So it seems that the HBA SAT is choking on the report supported opcode command.
I have several mpt3sas HBAs and I have never seen this issue running the latest
FW version for these (EOL) HBAs. So I am tempted to say that an HBA FW update
should resolve the issue, BUT, I do not recall doing any drive hotplug tests
though. This issue may trigger only with hotplug and not with a cold start...
Can you confirm that ?
>
> - we patched out the four calls to scsi_cdl_check_cmd and unconditionally set
> cdl_supported to 0, see [2] for the patch (on top of 6.14.4). This resolves
> the issue.
>
> - I suspected that particularly the two latter scsi_cdl_check_cmd calls with a
> nonzero service action might be problematic, so we patched them out
> specifically but kept the other two calls without a service action, see [3]
> for the patch (on top of 6.14.4). But with this patch, hotplug still does
> not work.
>
> - the RSOC commands themselves don't seem to be problematic per se. We asked
> the user to boot a (non-mainline) kernel with the `scsi_mod.dev_flags`
> parameter to disable RSOC as above, hotplug the disk (this succeeds), and
> then query the four opcodes/service actions using `sg_opcodes`, and this
> looks okay [4] (reporting that CDL is not supported).
>
> I wonder whether these results might suggest the RSOC queries are problematic
> not in general, but at this particular point (during device initialization) in
> this particular hardware setup? If this turns out to be the case -- would it be
> feasible to suppress these RSOC queries if CDL is not enabled via sysfs?

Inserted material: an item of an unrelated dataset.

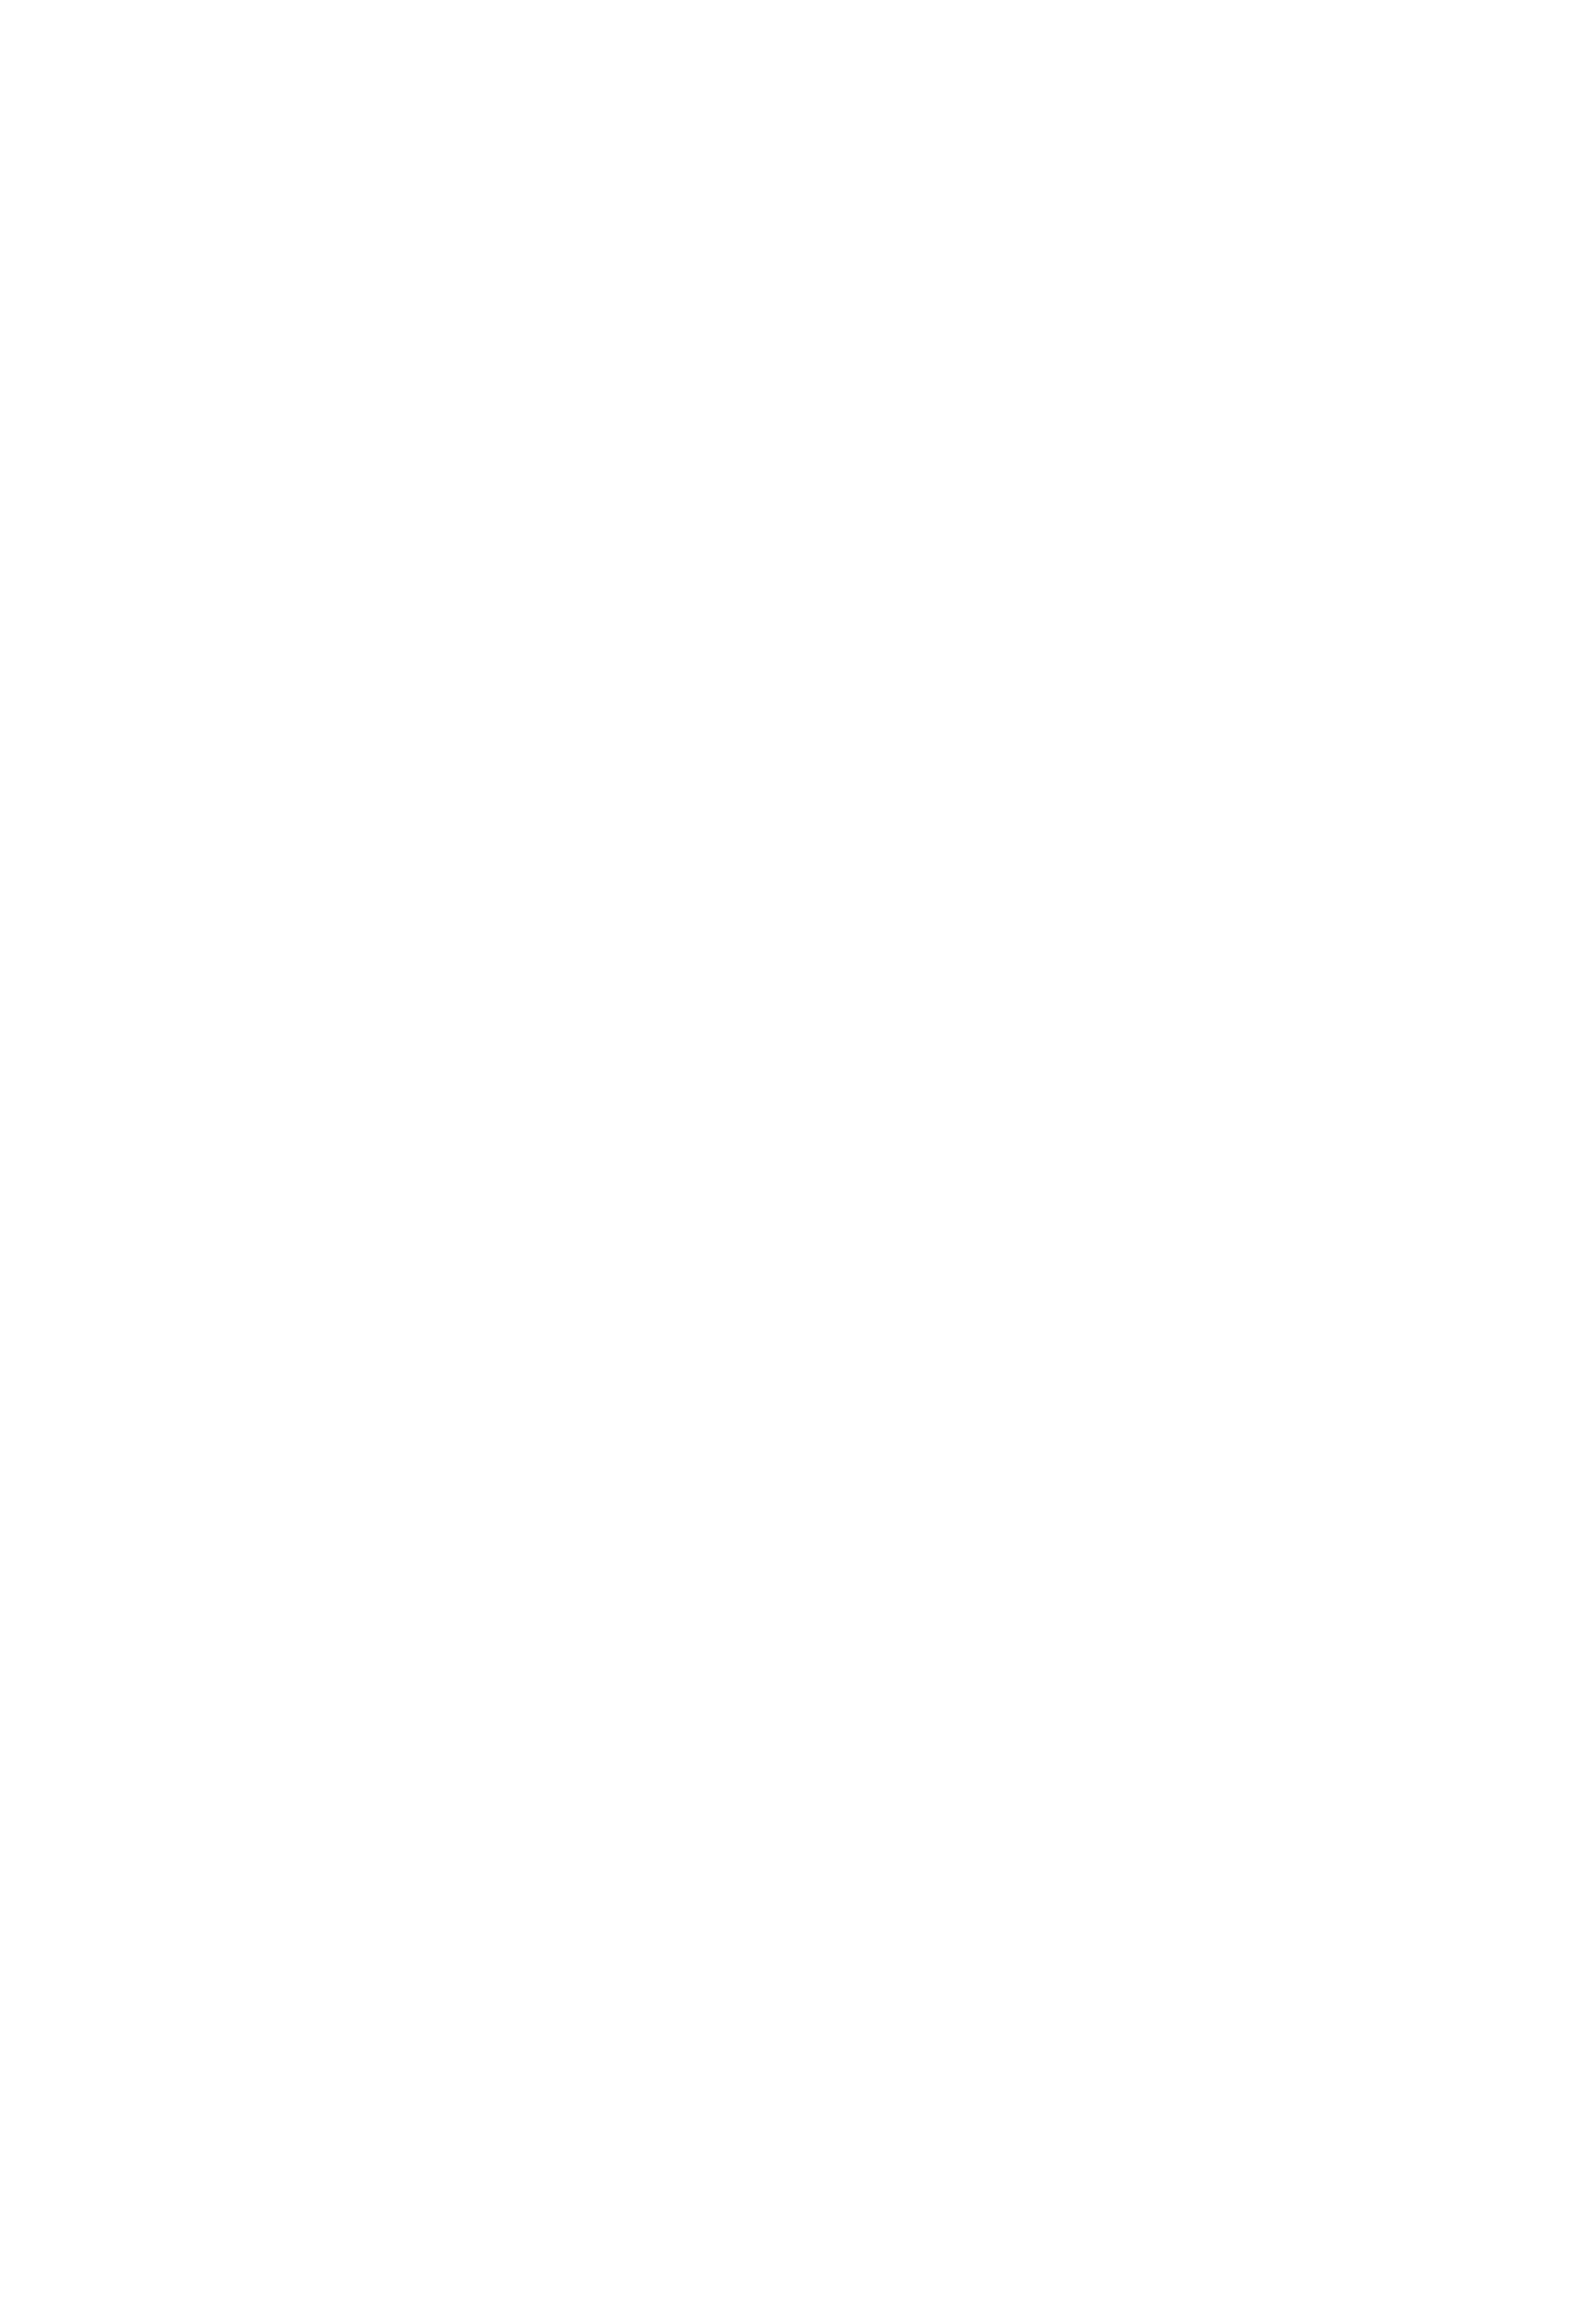 Daisy Mae&#39;s Steakhouse

I would be tempted to say that indeed it is the RSOC command handling in the HBA
SAT that has issues. But your command line checks [4] tend to indicate
otherwise. The issue may trigger only with timing differences with hotplug though.

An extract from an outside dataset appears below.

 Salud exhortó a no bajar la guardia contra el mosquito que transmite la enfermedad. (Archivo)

The other possible problem may be that the RSOC command translation is actually
fine but ends up generating an ATA command that the drive is not happy about,
either because of a drive FW bug or because of the timing the drive receives
that command. Given that this is a WD drive, I can probably check that if you
can send to me the drive model and FW rev (sending that information off-list is
fine).
> If you have any ideas for further troubleshooting, we're happy to gather more
> data. I'll be AFK for a few weeks, but Mira (in CC) will take over in the
> meantime.
Checking the HBA FW version would be a start, and also if you can confirm if
this issue happens only on hotplug or also during cold boot would be nice. I am
traveling right now and will not be able to test hot-plugging drives on my
setups until end of next week.
>
> Thanks!
>
> Friedrich
>
> [1] https://kernel.ubuntu.com/mainline/v6.14.4/
>
> [2]
>
> diff --git a/drivers/scsi/scsi.c b/drivers/scsi/scsi.c
> index a77e0499b738..022b2f9706a4 100644
> --- a/drivers/scsi/scsi.c
> +++ b/drivers/scsi/scsi.c
> @@ -658,11 +658,7 @@ void scsi_cdl_check(struct scsi_device *sdev)
> }
>
> /* Check support for READ_16, WRITE_16, READ_32 and WRITE_32 commands */
> - cdl_supported =
> - scsi_cdl_check_cmd(sdev, READ_16, 0, buf) ||
> - scsi_cdl_check_cmd(sdev, WRITE_16, 0, buf) ||
> - scsi_cdl_check_cmd(sdev, VARIABLE_LENGTH_CMD, READ_32, buf) ||
> - scsi_cdl_check_cmd(sdev, VARIABLE_LENGTH_CMD, WRITE_32, buf);
> + cdl_supported = 0;
> if (cdl_supported) {
> /*
> * We have CDL support: force the use of READ16/WRITE16.
>
> [3]
>
> diff --git a/drivers/scsi/scsi.c b/drivers/scsi/scsi.c
> index a77e0499b738..6b0f36f5415e 100644
> --- a/drivers/scsi/scsi.c
> +++ b/drivers/scsi/scsi.c
> @@ -660,9 +660,8 @@ void scsi_cdl_check(struct scsi_device *sdev)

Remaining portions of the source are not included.